→ **Problem details**
In the records below, some lines contain the word "history". Copy each of them.

-- Given records follows --

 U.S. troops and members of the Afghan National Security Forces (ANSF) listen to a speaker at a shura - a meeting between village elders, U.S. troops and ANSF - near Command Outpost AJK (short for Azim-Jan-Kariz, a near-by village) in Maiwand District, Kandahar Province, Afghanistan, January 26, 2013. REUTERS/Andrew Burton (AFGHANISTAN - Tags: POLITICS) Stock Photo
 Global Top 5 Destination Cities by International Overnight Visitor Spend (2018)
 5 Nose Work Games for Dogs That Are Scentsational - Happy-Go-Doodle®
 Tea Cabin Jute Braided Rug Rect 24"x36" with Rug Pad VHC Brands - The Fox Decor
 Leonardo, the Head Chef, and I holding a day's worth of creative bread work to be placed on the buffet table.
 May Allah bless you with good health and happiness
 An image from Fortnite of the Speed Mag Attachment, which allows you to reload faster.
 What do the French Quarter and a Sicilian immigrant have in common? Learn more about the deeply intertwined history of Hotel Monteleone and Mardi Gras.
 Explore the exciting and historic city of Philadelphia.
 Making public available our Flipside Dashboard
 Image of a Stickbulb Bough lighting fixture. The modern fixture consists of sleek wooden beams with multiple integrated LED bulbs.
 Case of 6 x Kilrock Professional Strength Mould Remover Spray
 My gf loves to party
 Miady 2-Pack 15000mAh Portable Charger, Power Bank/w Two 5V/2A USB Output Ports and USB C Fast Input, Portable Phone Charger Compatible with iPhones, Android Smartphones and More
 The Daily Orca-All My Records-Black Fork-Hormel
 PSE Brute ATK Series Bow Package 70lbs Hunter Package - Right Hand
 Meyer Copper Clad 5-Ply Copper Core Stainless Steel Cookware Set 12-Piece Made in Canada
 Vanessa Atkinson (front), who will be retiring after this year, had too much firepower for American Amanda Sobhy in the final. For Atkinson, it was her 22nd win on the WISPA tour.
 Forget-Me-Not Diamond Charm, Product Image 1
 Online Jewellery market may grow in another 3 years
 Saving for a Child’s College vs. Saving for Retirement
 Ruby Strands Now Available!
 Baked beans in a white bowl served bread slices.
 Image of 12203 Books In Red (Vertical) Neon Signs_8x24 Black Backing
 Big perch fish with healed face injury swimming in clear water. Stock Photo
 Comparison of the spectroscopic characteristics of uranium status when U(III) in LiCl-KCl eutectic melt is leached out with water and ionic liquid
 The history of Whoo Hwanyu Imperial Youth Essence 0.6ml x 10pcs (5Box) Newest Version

-- Given records concluded --

→ **Output below**
 What do the French Quarter and a Sicilian immigrant have in common? Learn more about the deeply intertwined history of Hotel Monteleone and Mardi Gras.
 The history of Whoo Hwanyu Imperial Youth Essence 0.6ml x 10pcs (5Box) Newest Version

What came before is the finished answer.